Julianna Balicka (CFO)
Well, the variable rate assets, floating rate assets, as you know, that is loans, those are going to have a high beta because those reprice automatically. It's just a matter of timing within the month of when the kind of rate cuts happen. And for deposits, we are assuming a lagged beta, a low beta upfront for the first several cuts before we kind of get to a more normalized beta over time.
Christopher McGratty (Head of U.S. Bank Research)
Okay. But.
Julianna Balicka (CFO)
We lower in the second half. One thing I will point out.
Go ahead.
Matthew Clark (Managing Director covering Western Banks)
No, no. Go ahead, I just.
Julianna Balicka (CFO)
One thing I'll point out is in this quarter, we have gone through an exercise of reviewing our deposit pricing and making sure that all the exception pricing and exceptions are warranted to start to control our deposit costs ahead of rate cuts. And so we're not assuming a high deposit beta upfront, but we are assuming that we will be able to continue to be disciplined in how we approach deposit pricing post our reorganization. That is a change to our practice vis-à-vis before and an improvement.
Christopher McGratty (Head of U.S. Bank Research)
Okay, great. And then just the last one I had would be just tax rate. How should we be thinking about the tax rate from here?
Julianna Balicka (CFO)
We are assuming 26% for the full year. So that does have a lower tax rate in the second half of the year based on when certain tax credit investments and their amortizations kind of hit our P&L.
Christopher McGratty (Head of U.S. Bank Research)
Okay. Thank you very much.
Operator (participant)
Again, if you have a question, please press star, then one. Our next question comes from Gary Tenner with D.A. Davidson. Please go ahead.
Gary Tenner (Research Analyst focusing on Financial Sector)
Thanks. Good morning. Hoping you could provide the CD maturity schedule for the back half of the year with the rates that are coming off.
Julianna Balicka (CFO)
One second. Let me just answer it back to finish Chris's question. For 2026, we've got the terminal Fed Funds at the end of 2026 at 4.25 and 3.75 the following year in 2027. The maturity of our CDs maturing in the second half of the year, we've got the rates that are coming off are 5.10, 5.12 kind of neighborhood. The maturities that are coming off in the Q3, we've got $1.56 billion. In the Q4, we've got $2.1 billion.

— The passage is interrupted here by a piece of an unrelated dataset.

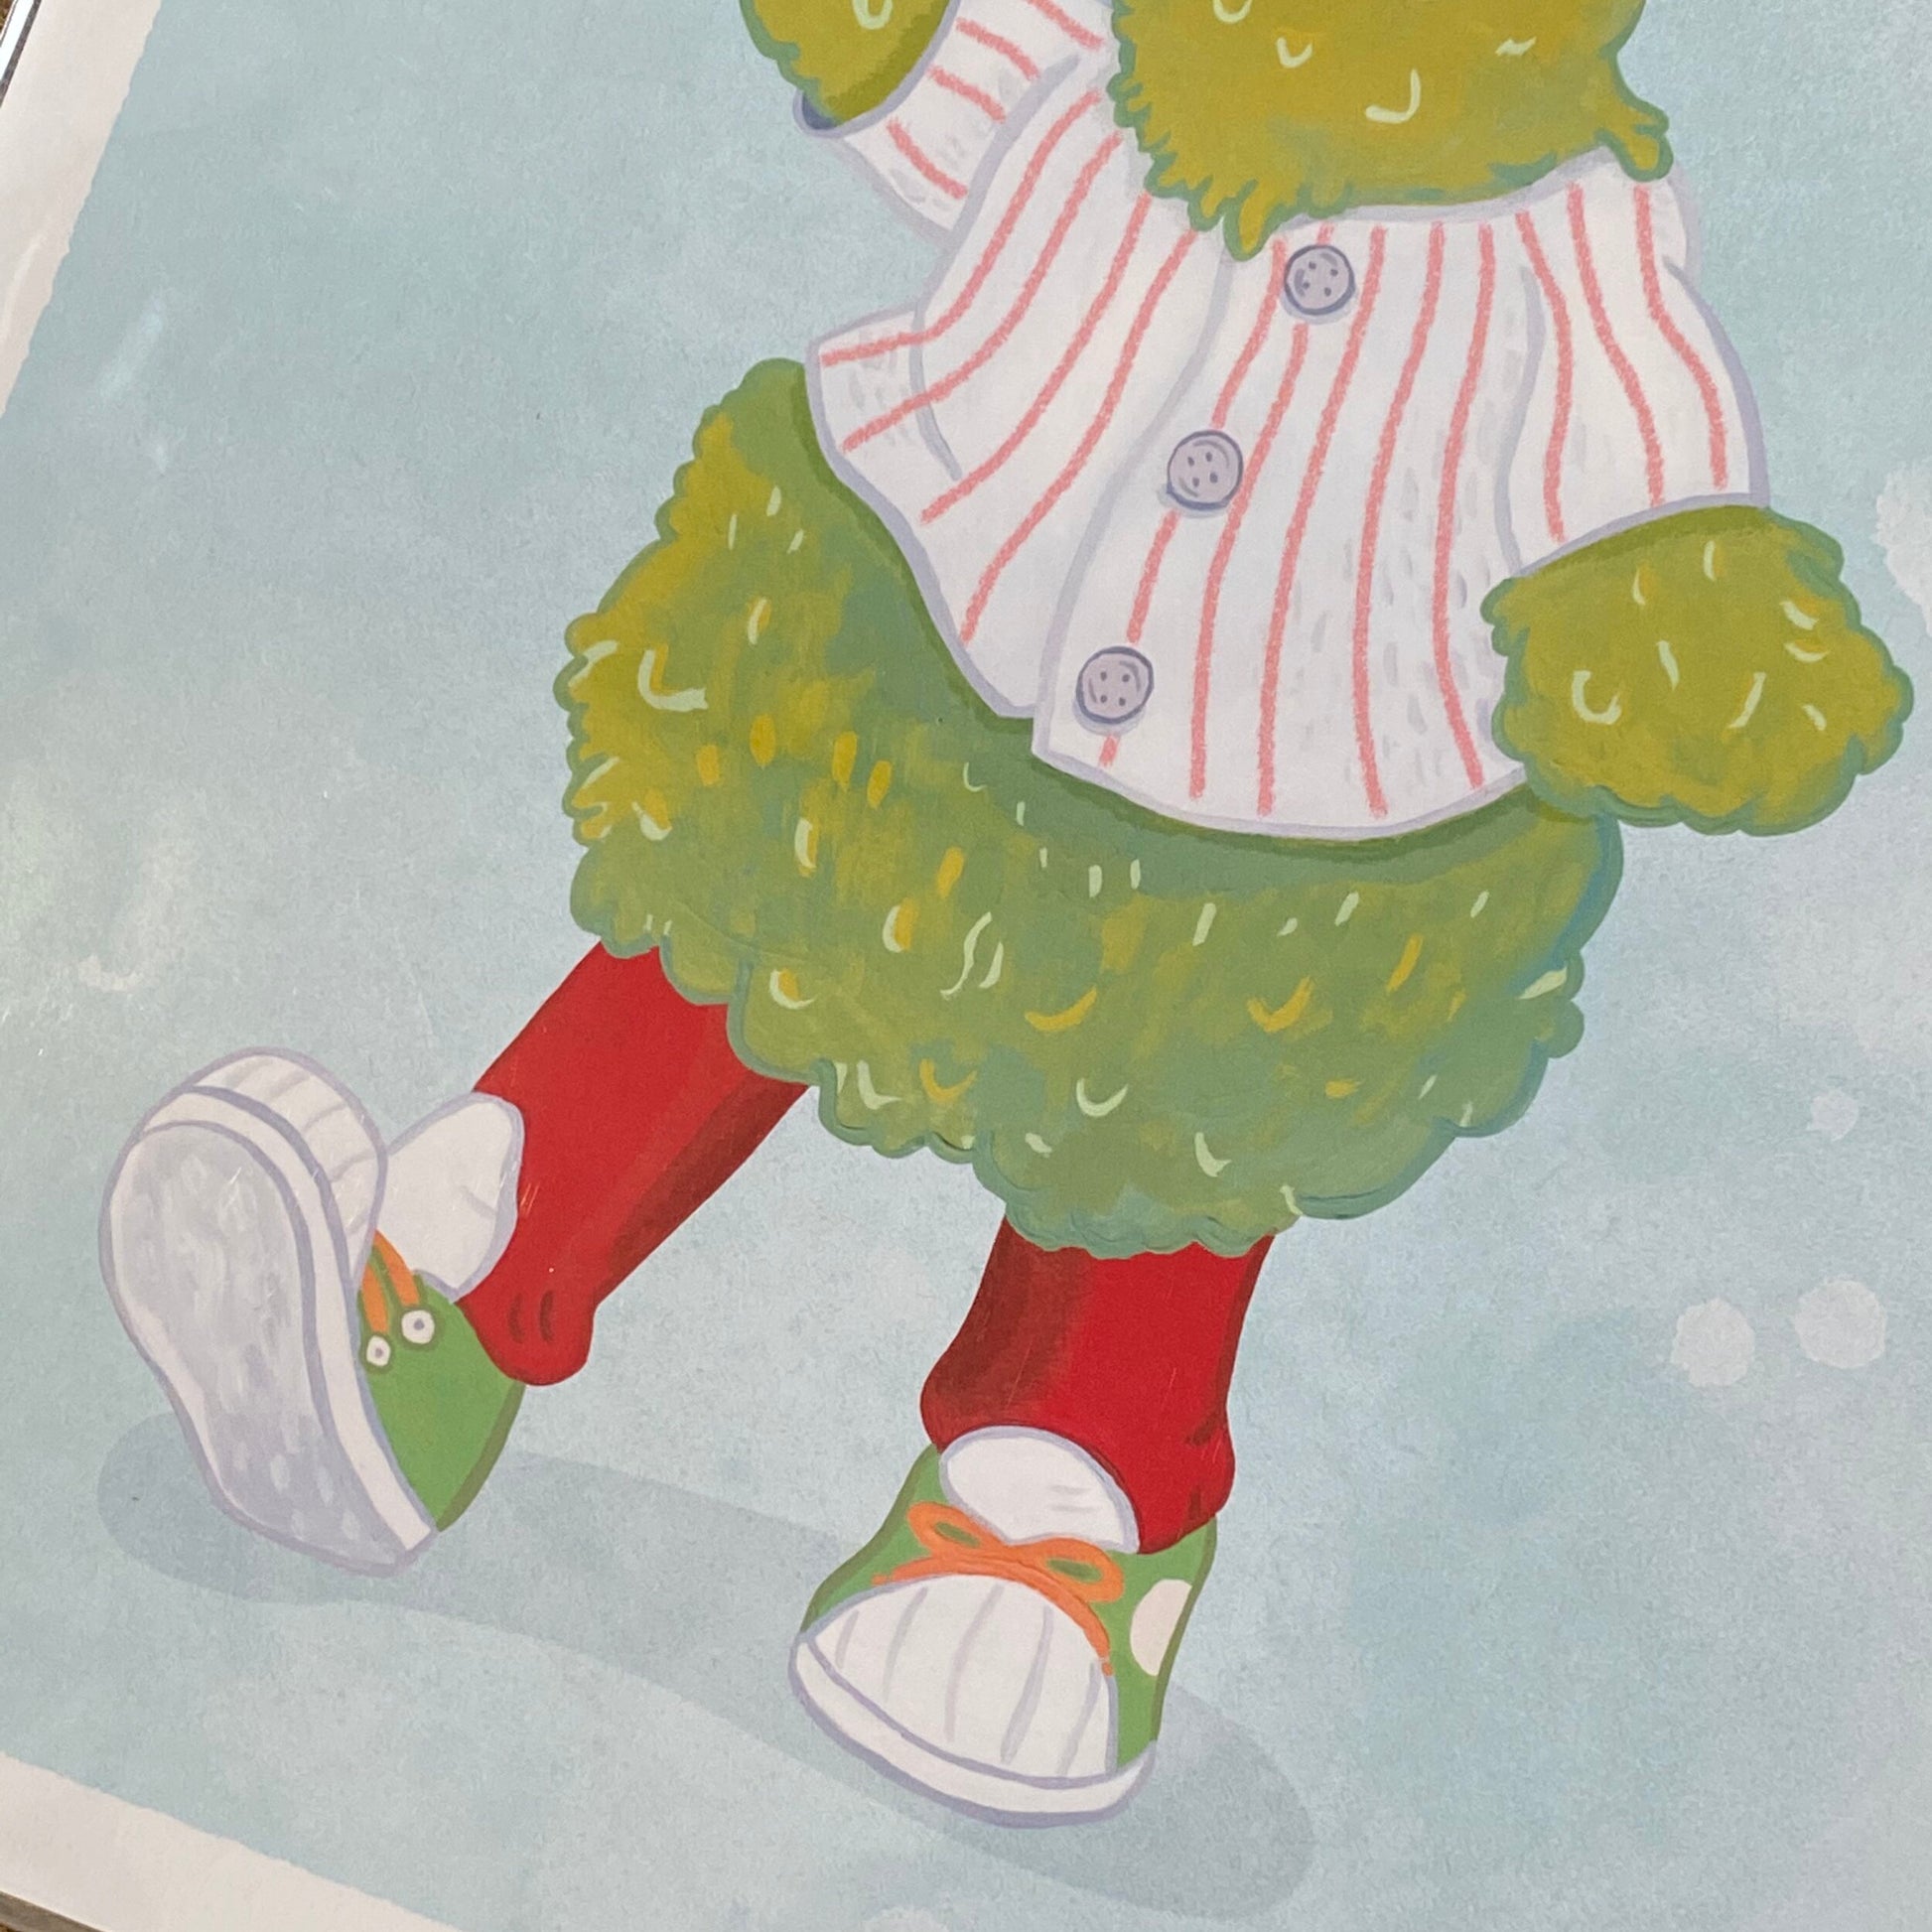 Illustration of cartoon legs wearing red socks and green and white sneakers, paired with a gritty Philly Mascot Prints outfit by Jamie Bendas.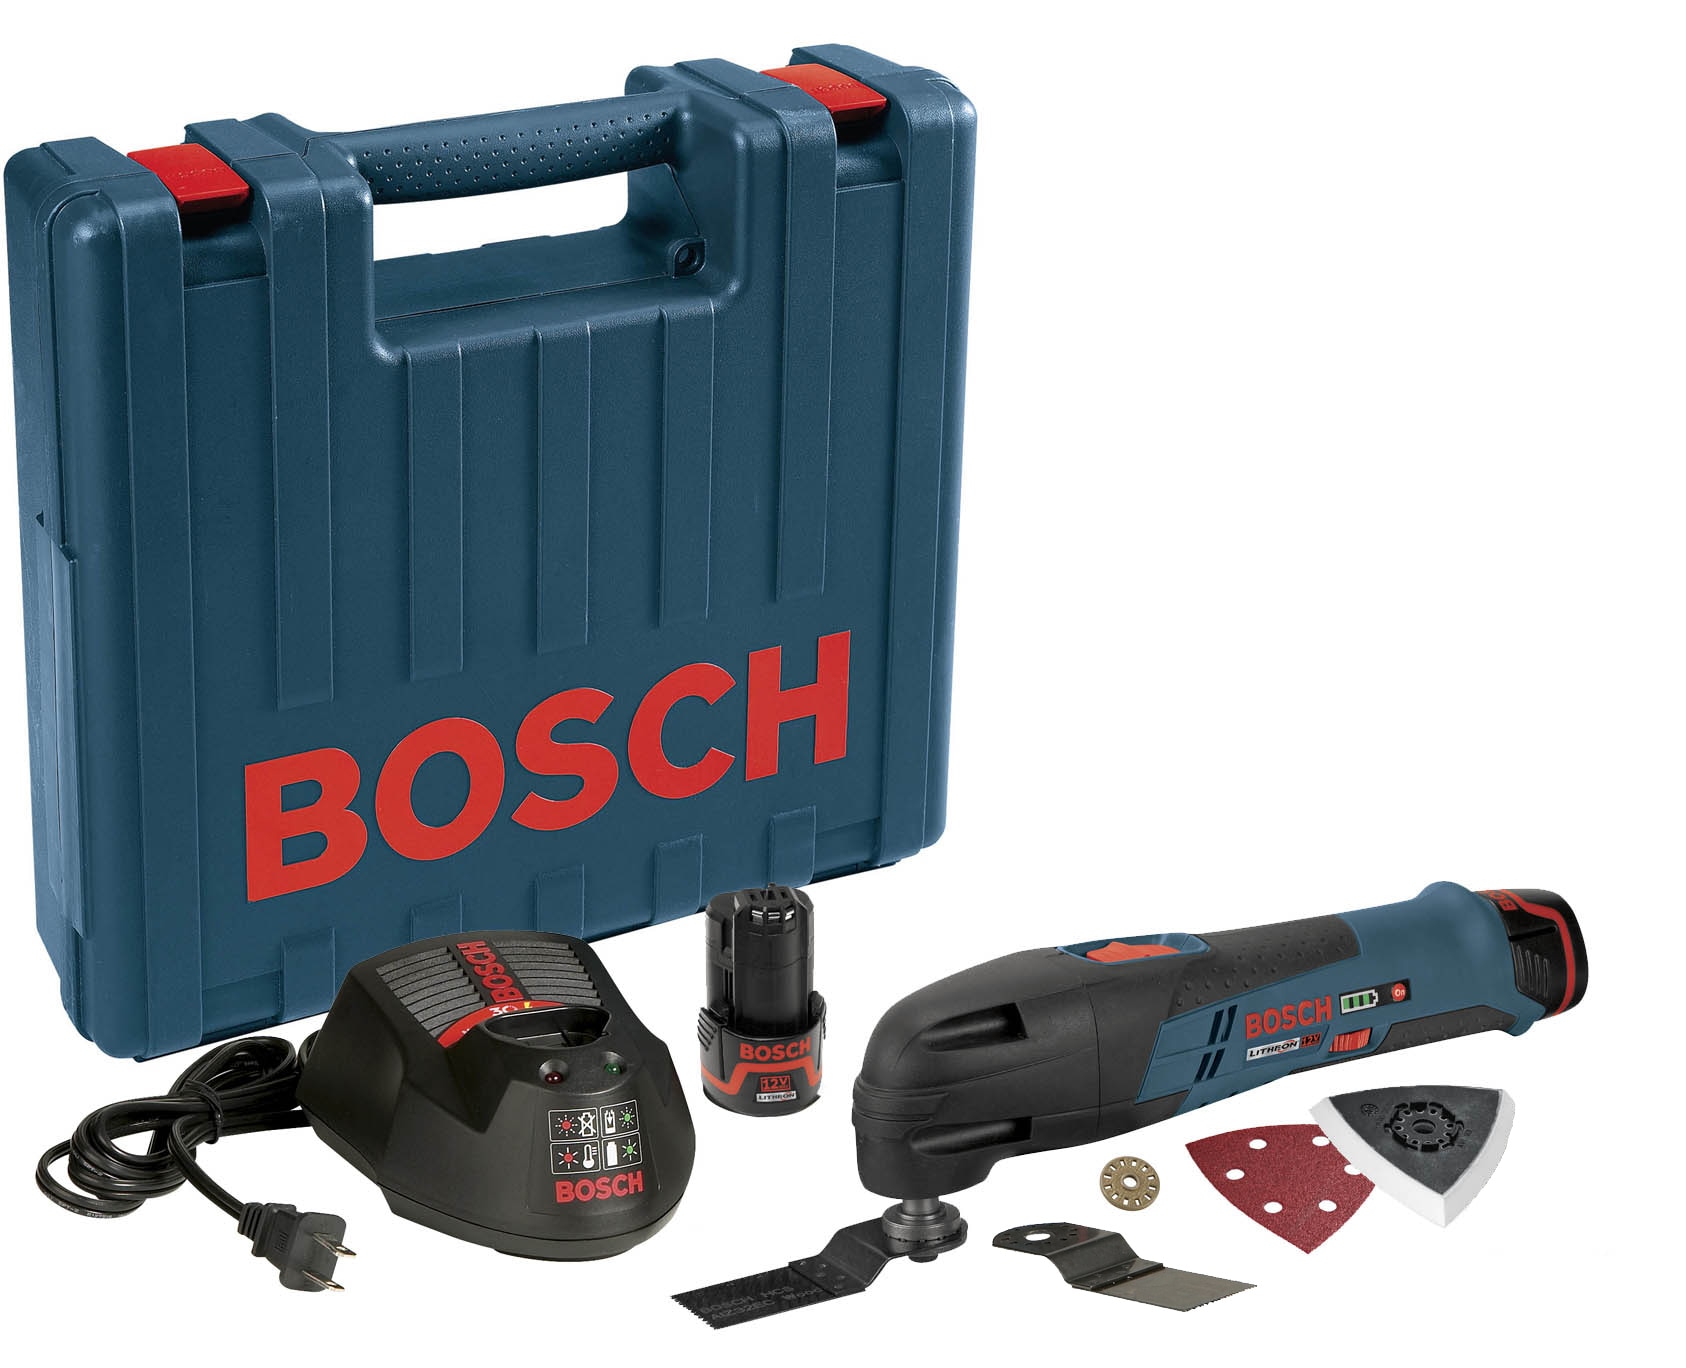 Bosch GOP 10.8V LI Cordless Multi Tool - Product Overview

Gary Tenner (Research Analyst focusing on Financial Sector)
What's your sense when we're going to the Q3, what the renewal rate outlook would be?
Julianna Balicka (CFO)
I think the renewal rate outlook will be hopefully lower than the current one for the simple reason that we have recently reduced pricing.
Gary Tenner (Research Analyst focusing on Financial Sector)
Okay. Thanks. And then my other questions were mostly answered. But I noticed in your kind of walkthrough of the non-recurring items in the quarter, the tax provision was different on the press release versus the deck. I'm assuming the one on the press release is the correct one, but just wanting hopefully you could confirm that.
Julianna Balicka (CFO)
I would use the earnings release and the tables as your primary source document.
Gary Tenner (Research Analyst focusing on Financial Sector)
Sounds good. Thank you.
Operator (participant)
This concludes our Q&A session. I would like to turn the conference back over to management for any closing remarks.
Kevin Kim (Chairman, President and CEO)
Thank you. Once again, thank you all for joining us today. We look forward to speaking with you again next quarter. So long, everyone.
Operator (participant)
The conference is now concluded. Thank you for attending today's presentation. You may now disconnect.